Down to the final line, write out the material beneath exactly, without pictures.

START PROVIDED DATA

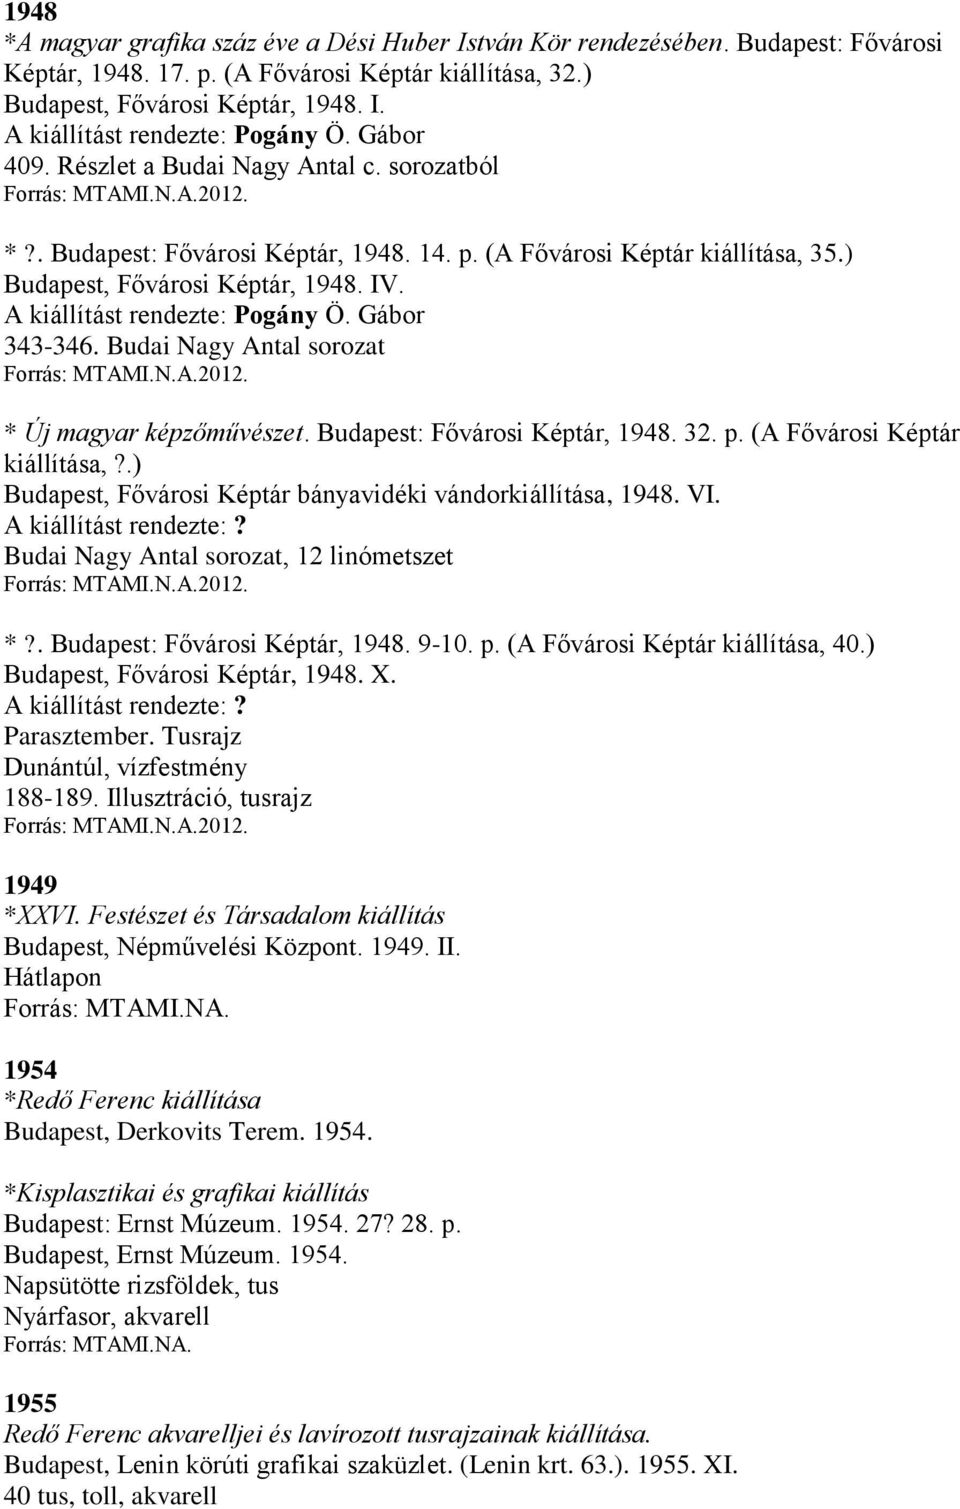 A kiállítást rendezte: Pogány Ö. Gábor 343-346. Budai Nagy Antal sorozat * Új magyar képzőművészet. Budapest: Fővárosi Képtár, 1948. 32. p. (A Fővárosi Képtár kiállítása,?
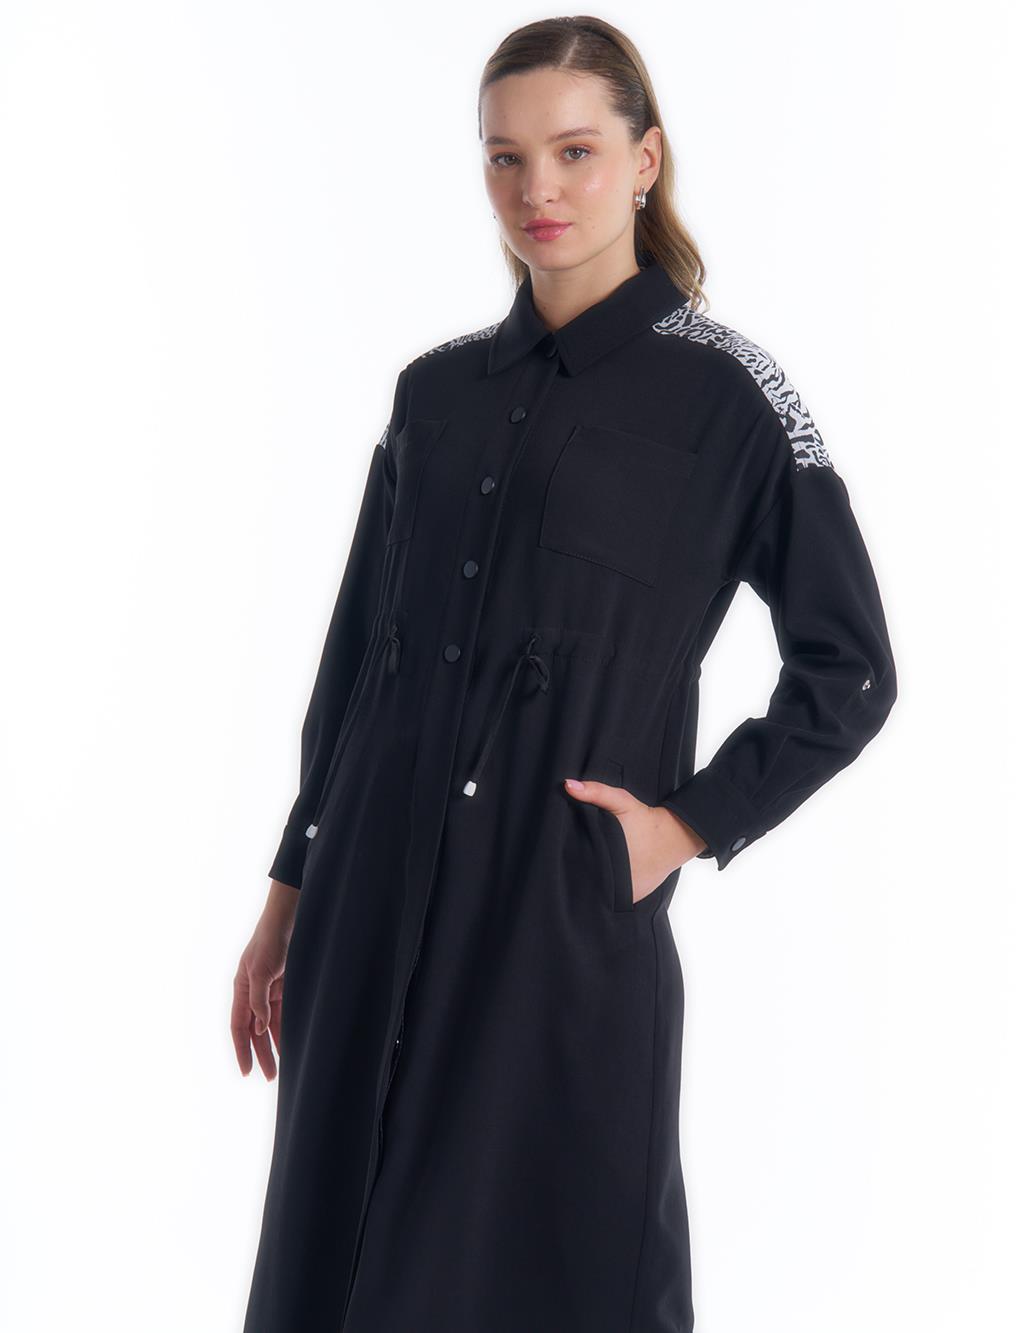 Waist Adjustable Pocket Dress Black
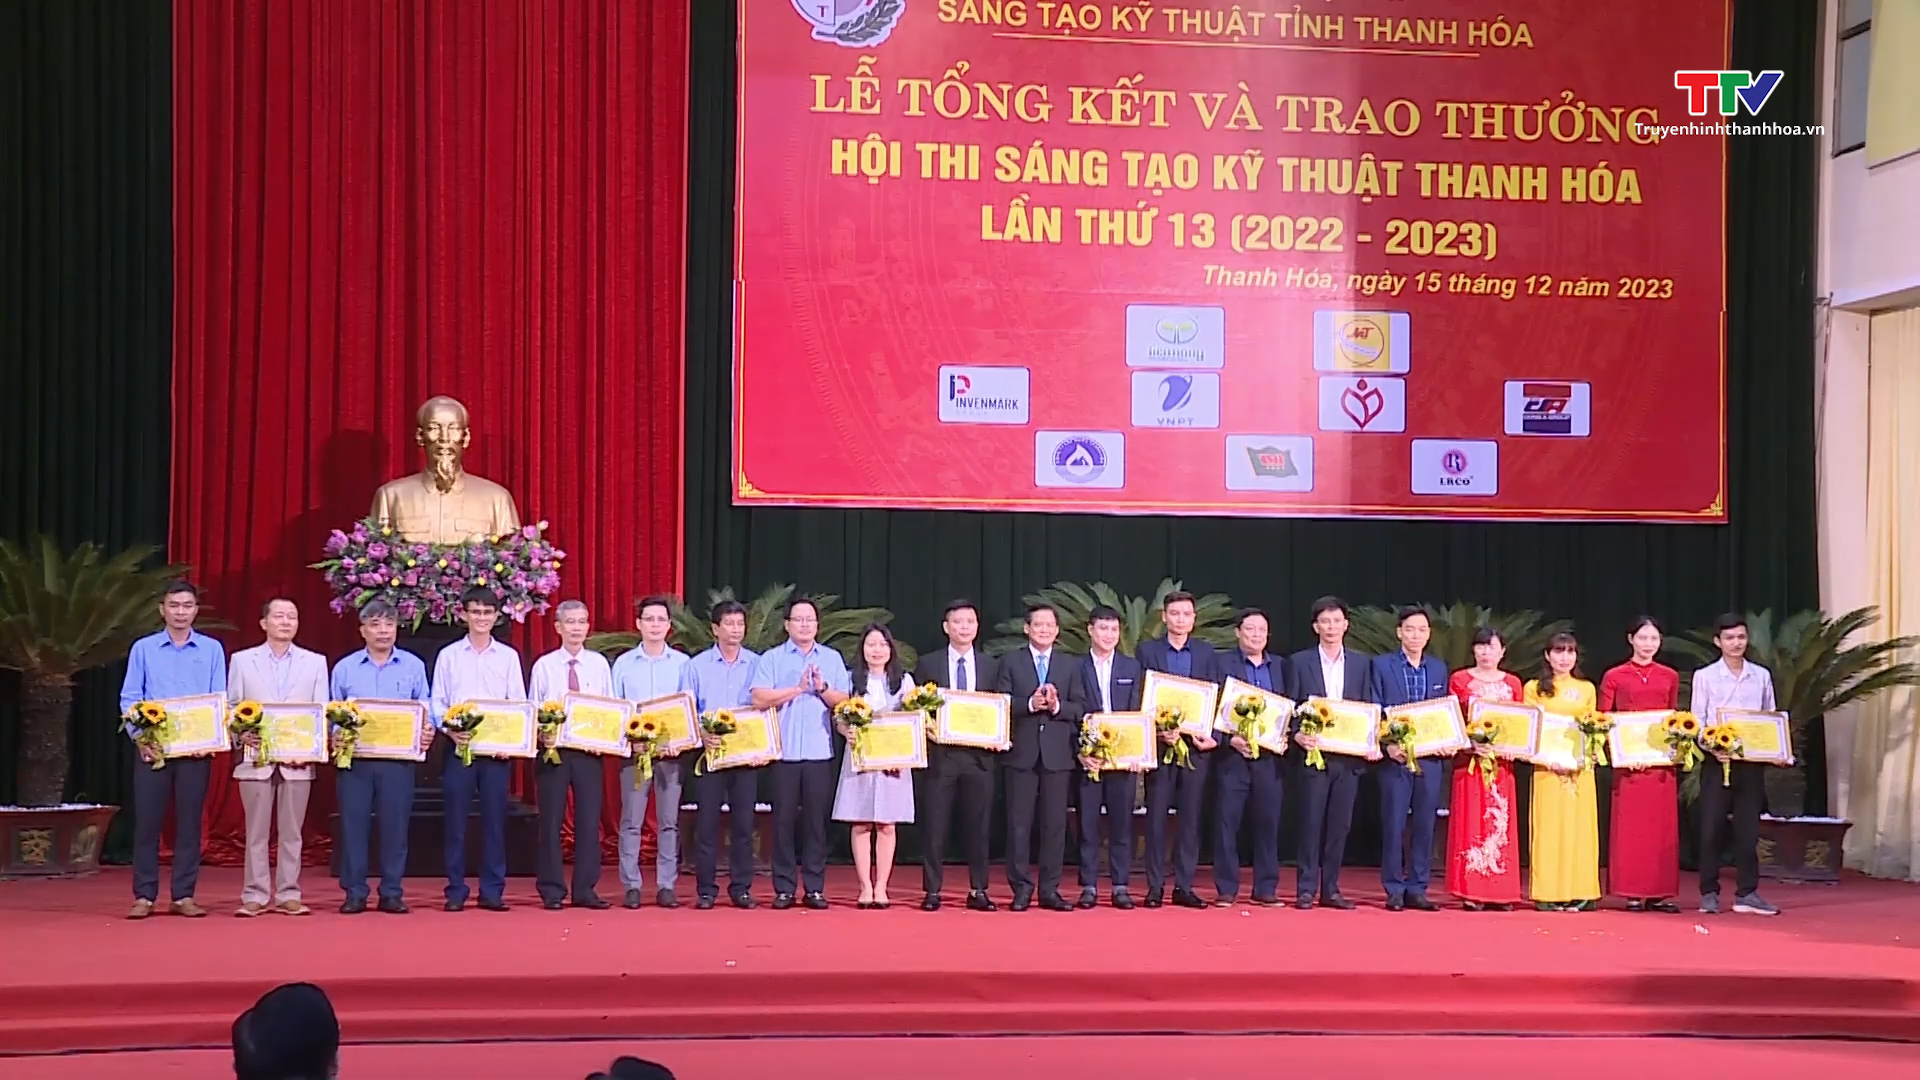 Tổng kết và trao thưởng Hội thi Sáng tạo kỹ thuật Thanh Hoá lần thứ 13 (2022 - 2023)- Ảnh 5.

END PROVIDED DATA

(OUTPUT)
 A kiállítást rendezte: Pogány Ö. Gábor 343-346. Budai Nagy Antal sorozat * Új magyar képzőművészet. Budapest: Fővárosi Képtár, 1948. 32. p. (A Fővárosi Képtár kiállítása,?
 Waist Adjustable Pocket Dress Black
 Tổng kết và trao thưởng Hội thi Sáng tạo kỹ thuật Thanh Hoá lần thứ 13 (2022 - 2023)- Ảnh 5.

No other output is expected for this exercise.